Fact Sheet 2 – Compliance with Corporate Law Administered by the Australian Securities and Investments Commission (ASIC)
The Australian Securities and Investments Commission (ASIC) is Australia’s corporate, markets and financial services regulator. It is the independent Commonwealth Government body responsible for (among other things) registering and ensuring companies, schemes and various individuals and entities meet their obligations under the Corporations Act 2001 (the Act).
Foreign companies intending to carry on a business in Australia are generally required to register with ASIC as a foreign company. These companies are discussed further below.
Alternatively, a foreign entity may choose to incorporate an Australian company (for example, a subsidiary), to conduct business in Australia.
Australian companies are generally governed by a constitution; in the absence of a constitution, a company will be governed by a set of common rules provided in the Act.
In order to be registered as an Australian company by ASIC, the company must have at least one member. The majority of Australian companies are ‘proprietary companies’. Proprietary companies must have at least one director who ordinarily resides in Australia, and a registered office in Australia. Companies with more than 50 non-employee members and/or who wish to offer shares to the public must be ‘public companies’. Public companies must have at least three directors, with two directors that reside in Australia. Large proprietary companies (for example, those meeting a threshold level of revenue, assets and employees) and public companies are required to lodge an audited financial report and directors’ report with ASIC each financial year.
All companies must also comply with various notification requirements under the Act, including certain changes to a corporation’s and directors’ details.
Registered foreign companies
A foreign company intending to carry on a business in Australia is generally registered with ASIC. For the purposes of this requirement, ‘foreign company’ includes incorporated bodies (other than a corporation sole or exempt public authority) and certain unincorporated bodies that are formed in an external territory of Australia or outside of Australia.

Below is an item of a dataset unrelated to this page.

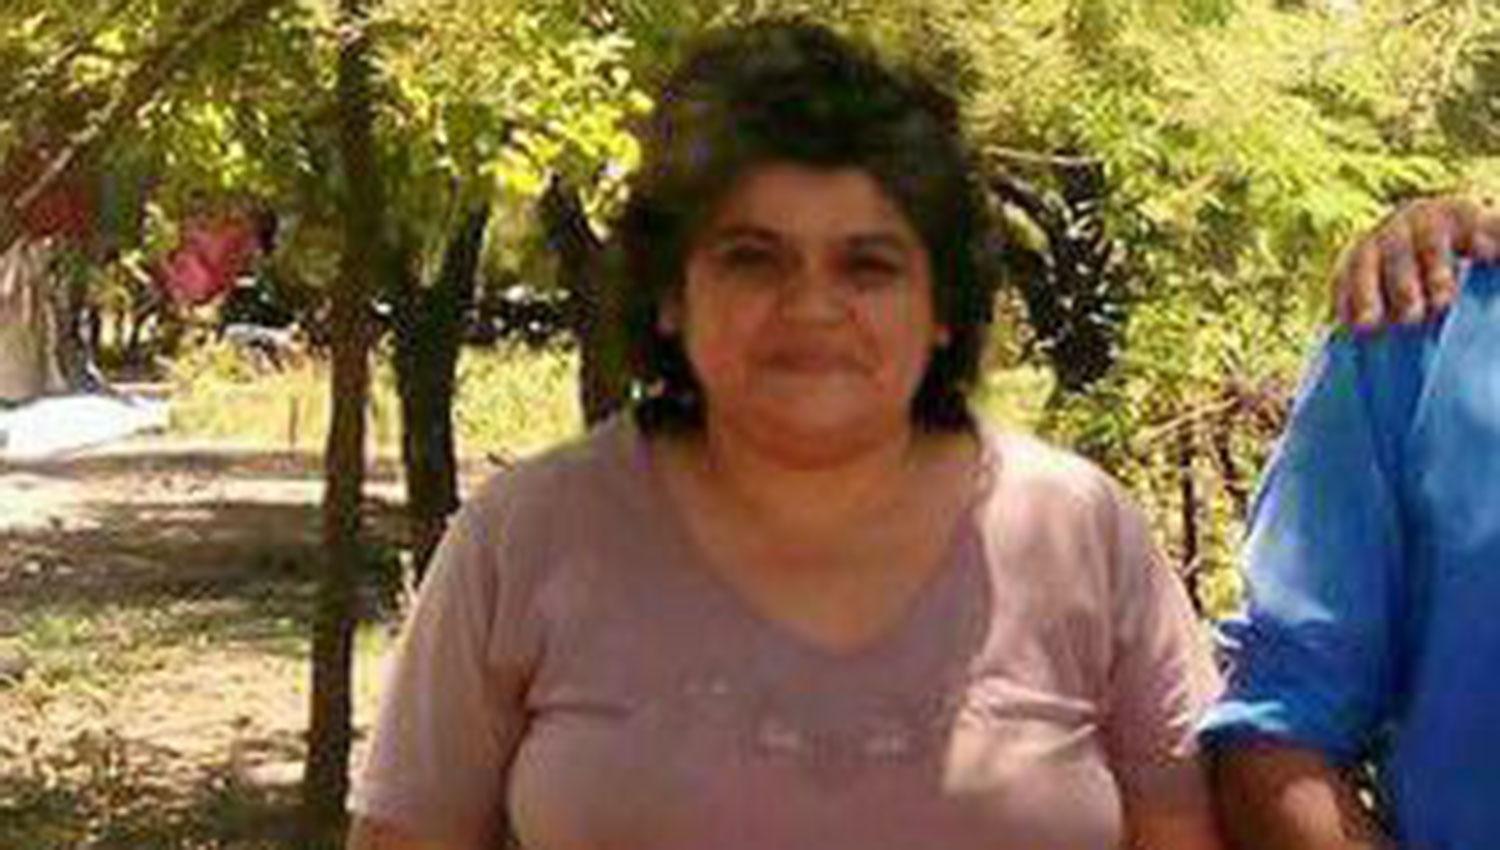 La autopsia determinó que Vallejos fue asesinada. FOTO TOMADA DE WWW.FACEBOOK.COM/GRANEROSAVANZA

Registered foreign companies are required to lodge financial statements with ASIC at least once every calendar year and at intervals of not more than 15 months. These financial statements comprise:
- a copy of the company’s balance sheet, profit and loss statement, and cash flow statement (all made up to the end of the last financial year of the company); and
- any other documents the company is required to prepare by the law that applies in the company’s place of origin, together with a statement in writing in the prescribed form, verifying that the copies are true copies of the documents required.
A registered foreign company must appoint a local agent, who is ‘answerable for the doing of all acts, matters and things that the foreign company is required by or under the Corporations Act 2001 to do’. The local agent may also be personally liable to a penalty imposed on the foreign company for a contravention of the Corporations Act.
Registered foreign companies must also notify ASIC of certain changes, including amendments to: its constitution or any other lodged documents; its directors (including changes to the powers of Australian resident directors); and/or its local agent.
Please refer to ASIC’s website for further details regarding the regulatory obligations of Australian and registered foreign companies.